Statistical Arbitrage is a quantitative approach that exploits the price differences between assets. Here, we’ll focus on pairs trading for crypto and use perpetual futures on Binance.

Step One: Gather Universe

First we want to gather a list of suitable USDT perpetual futures pairs on Binance. Some things to look for when choosing pairs would be:

• High trading volumes and liquidity. Ensures tighter bid-ask spreads, reducing trading costs.
• Fundamental Relationship. Might be a good idea to start with pairs that have similarities such as having common use cases.
• Historical Data.
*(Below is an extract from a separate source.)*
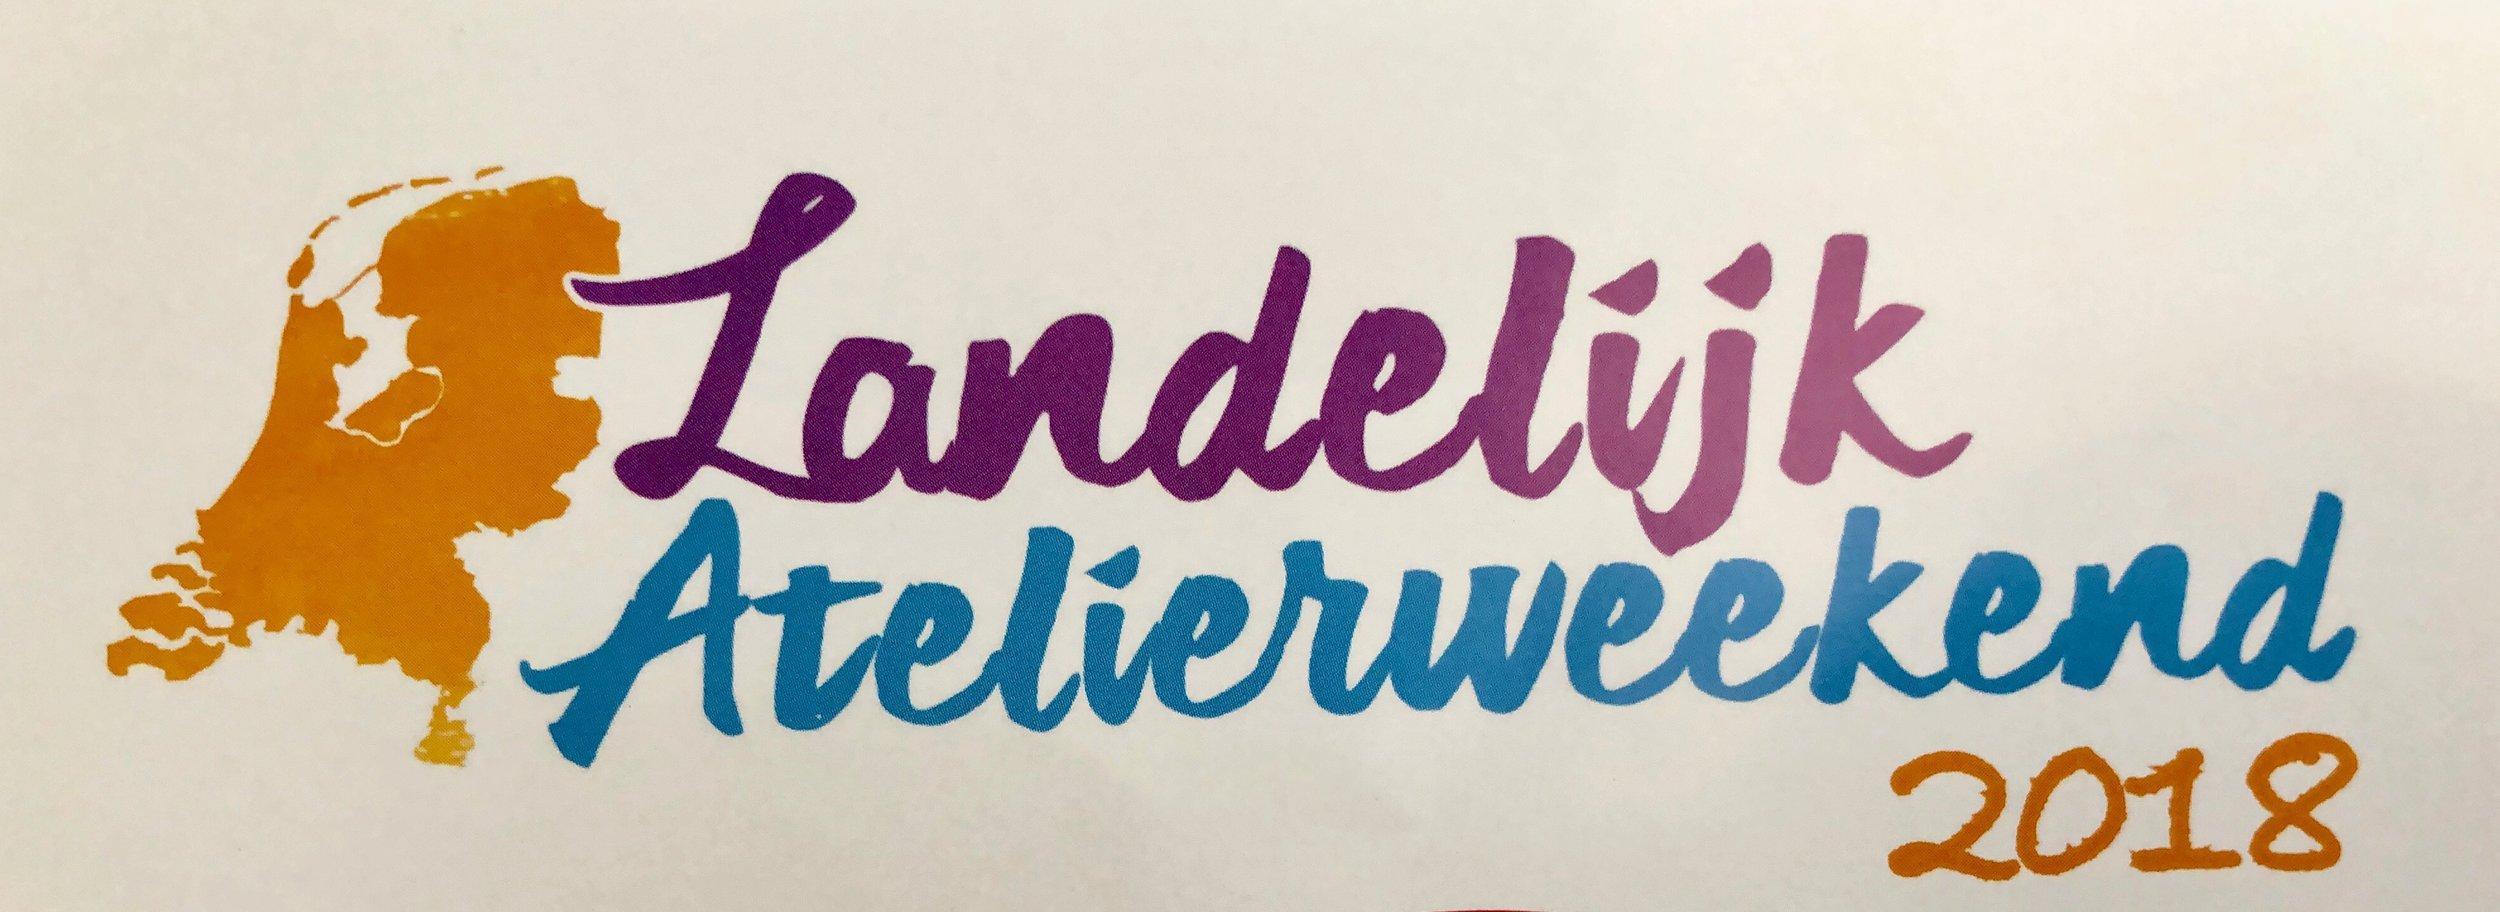 The Dutch National Studio weekend 2018.
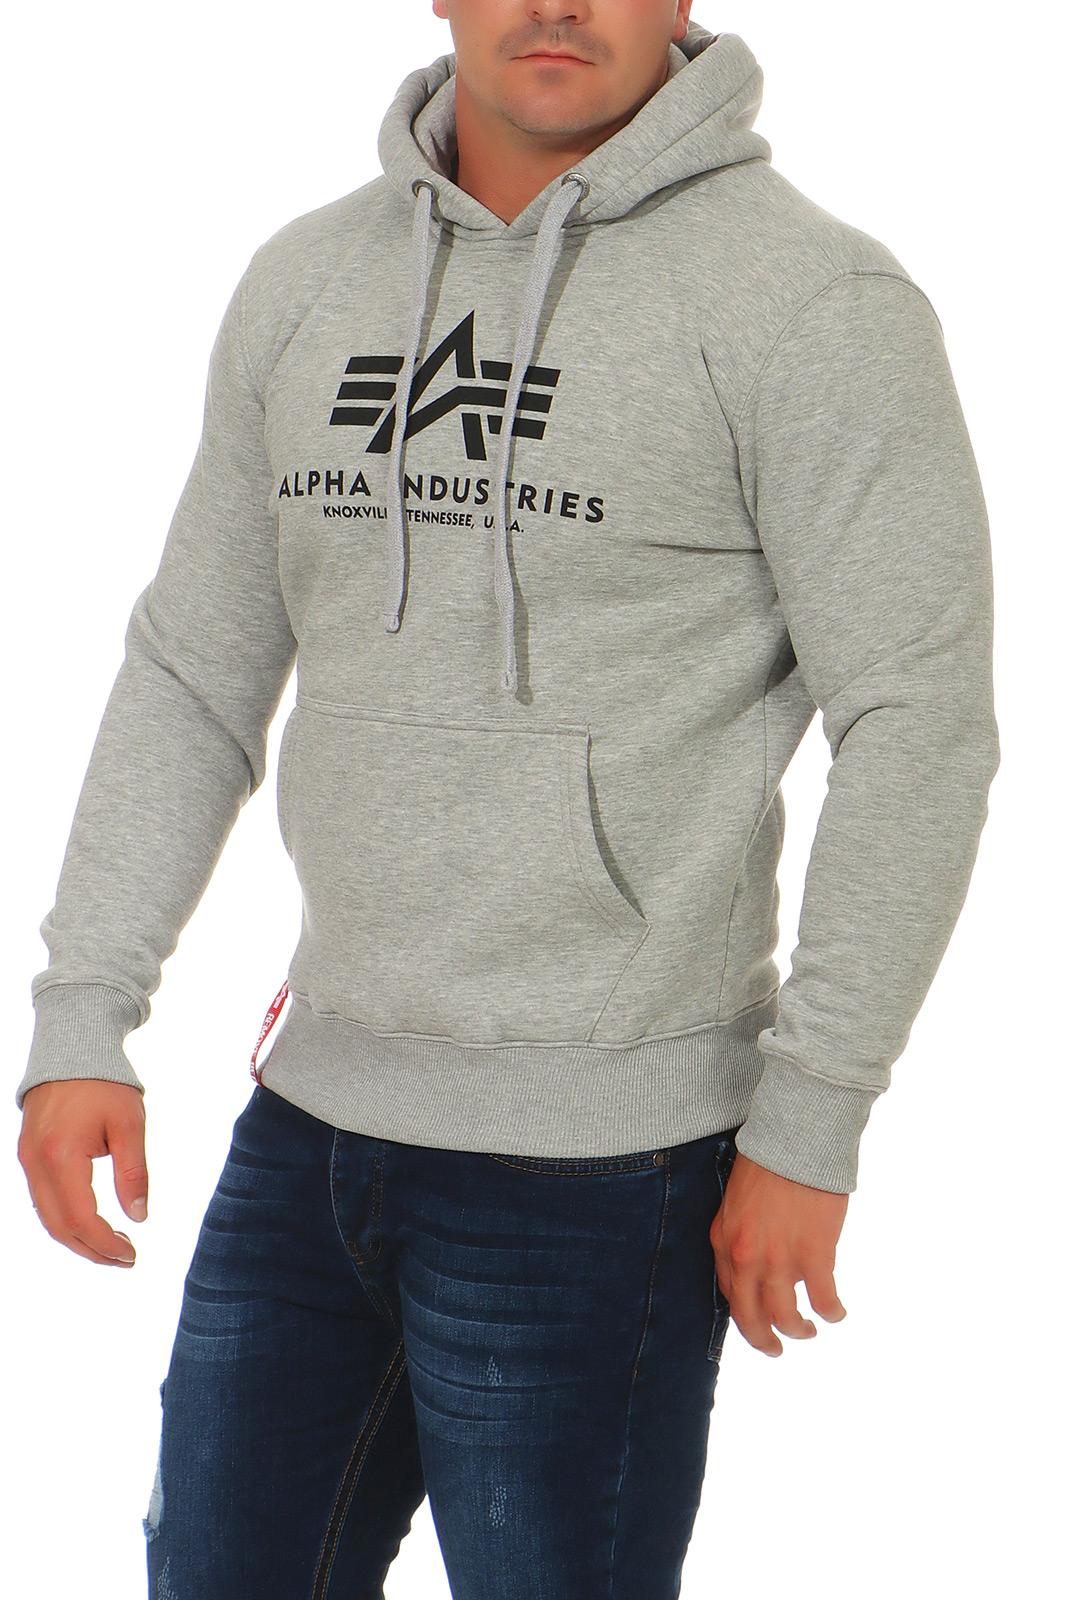 Alpha-Industries-Uomo-Hoody-Pullover-Basic-sweater-NUOVO-178312-hoodie-s-3xl miniatura 5

Here we want to check for correlation and cointegration which is essential when implementing the strategy.

cryptos = [
    "BTCUSDT", "ETHUSDT", "LINKUSDT", "BNBUSDT", "TRXUSDT", "DOTUSDT", "ADAUSDT", "EOSUSDT", "LTCUSDT",
    "BCHUSDT", "XRPUSDT", "ETCUSDT", "FILUSDT", "EGLDUSDT", "DOGEUSDT", "UNIUSDT", "THETAUSDT", "XLMUSDT",
    "SOLUSDT", "FTMUSDT", "SANDUSDT", "MANAUSDT", "AVAXUSDT", "GALAUSDT", "MATICUSDT", "NEARUSDT",
    "ATOMUSDT", "AAVEUSDT", "AXSUSDT", "ROSEUSDT", "XTZUSDT", "ICXUSDT", "ALGOUSDT", "RUNEUSDT",
    "APEUSDT", "VETUSDT", "ZILUSDT", "KNCUSDT", "XMRUSDT", "GMTUSDT", "OPUSDT", "ENSUSDT", "CHZUSDT", "APTUSDT"
]

BTC/USDT + ETH/USDT => 2 largest market cap crypto historically exhibiting strong correlation
ETH/USDT + LINK/USDT or DOT/USDT => all play roles in the smart contract and decentralized application space
BCH/USDT + LTC/USDT => Both bitcoin cash and litecoin are bitcoin forks and have similarities in use case and market perception
UNI/USDT + SUSHI/USDT => DeFi pairs
XMR/USDT + ZEC/USDT => Category specific coins (privacy)

We want to regularly re-evaluate because just because a pair is cointegrated in one period, doesn’t mean it will remain so.

Step 2: Correlation

Once we’ve selected some possible pairs, I want to first check for correlation amongst our pairs. I first want to get an intuitive understanding how two pairs may move together and to filter out any we know uncorrelated pairs.

Quick recap of correlation. Just measures the strength and direction of the linear relationship between 2 variables. It tells us if one variable increases the other tends to increase (positive) or decrease (negative). If the two variable do not show any consistent pattern together, their correlation is close to zero.

The correlation equation is defined as:

$$ r = \frac{n(\Sigma xy) - (\Sigma x)(\Sigma y)}{\sqrt{[n\Sigma x^2 - (\Sigma x)^2][n\Sigma y^2 - (\Sigma y)^2]}}

$$

$$ n \text{ is the number of paired data points.} \\ \Sigma xy \text{ is the sum of the products of paired scores.} \\ \Sigma x \text{ and } \Sigma y \text{ are the sums of the } x \text{ scores and } y \text{ scores, respectively.} \\ \Sigma x^2 \text{ and } \Sigma y^2 \text{ are the sums of the squares of the } x \text{ scores and } y \text{ scores, respectively.}

$$

Here’s a correlation matrix of some of the top pairs of the last month on hourly bars.

So we’ve found our list of correlated pairs that we want to explore. Now onto the cointegration test.

Step 3: Cointegration

In the context of financial markets, if one assets prices increases for a bit while the other decreases, they will eventually come back to a relationship that remains relatively constant overtime.

It refers to the situation where two or more time series move together over time, even if they are non-stationary (i.e., their means and variances change over time).